IPR008978 0.793451 2.646324 0.000000 0.000000 50 20 LOC_Os03g14180;LOC_Os11g13980;LOC_Os01g04370;L... LOC_Os03g14180;LOC_Os11g13980;LOC_Os01g04370;L...
expressed protein 0.355513 1.429853 0.106383 0.117277 14309 38 LOC_Os07g47840;LOC_Os02g15930;LOC_Os11g05170;L... LOC_Os07g47840;LOC_Os02g15930;LOC_Os11g05170;L...
path:dosa04141 0.670797 2.644200 0.000000 0.000000 199 27 LOC_Os03g14180;LOC_Os11g13980;LOC_Os01g04370;L... LOC_Os03g14180;LOC_Os11g13980;LOC_Os01g04370;L...
terms = pre_res.res2d.index
terms
Index(['IPR002068', 'IPR008978', 'path:dosa04141', 'expressed protein',
       'GO:0005524'],
      dtype='object', name='Term')
gseaplot(rank_metric=pre_res.ranking, term=terms[0], **pre_res.results[terms[0]])
../_images/tour_62_0.png

Conclusion & Next Steps

Having introduced the GSForge package by example we hope you are motivated to compare and share gene selection methodologies. Recall that the scope of gene / feature selection is unique to each experiment, no gold standard method or statistical measure yet exists to unambiguously interpret RNA-seq data. In most cases researchers or their collaborators are interested in a reduced list of genes (rather than the entire genome!) from which to form a hypothesis.

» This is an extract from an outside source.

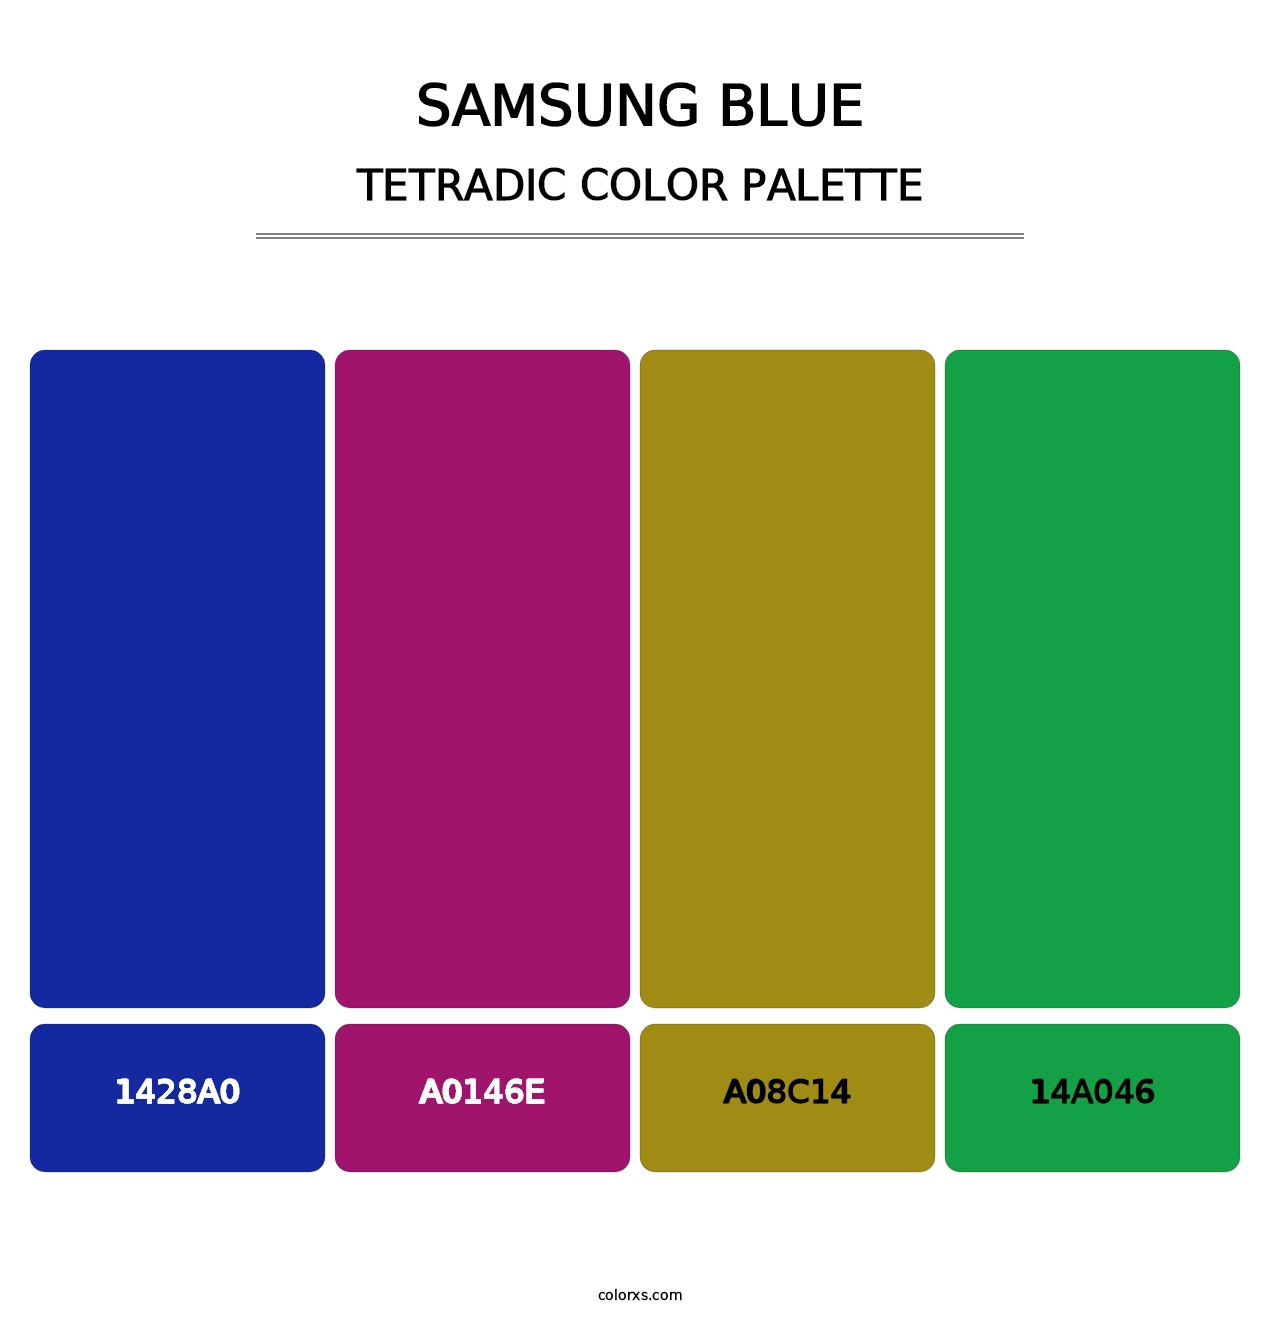 Samsung Blue - Tetradic Color Palette

We hope you feel free to contribute, share and question methodologies, and that you find GSForge helpful in this endevour.

References

  1. Wilkins, O. et al. EGRINs (Environmental gene regulatory influence networks) in rice that function in the response to water deficit, high temperature, and agricultural environments. Plant Cell 28, 2365–2384 (2016).

  2. Ritchie, M. E. et al. Limma powers differential expression analyses for RNA-sequencing and microarray studies. Nucleic Acids Res. 43, e47 (2015).

  3. McInnes, L., Healy, J. & Melville, J. UMAP: Uniform Manifold Approximation and Projection for Dimension Reduction. (2018).

  4. Lex, A., Gehlenborg, N., Strobelt, H., Vuillemot, R. & Pfister, H. UpSet: Visualization of Intersecting Sets Europe PMC Funders Group. IEEE Trans Vis Comput Graph 20, 1983–1992 (2014).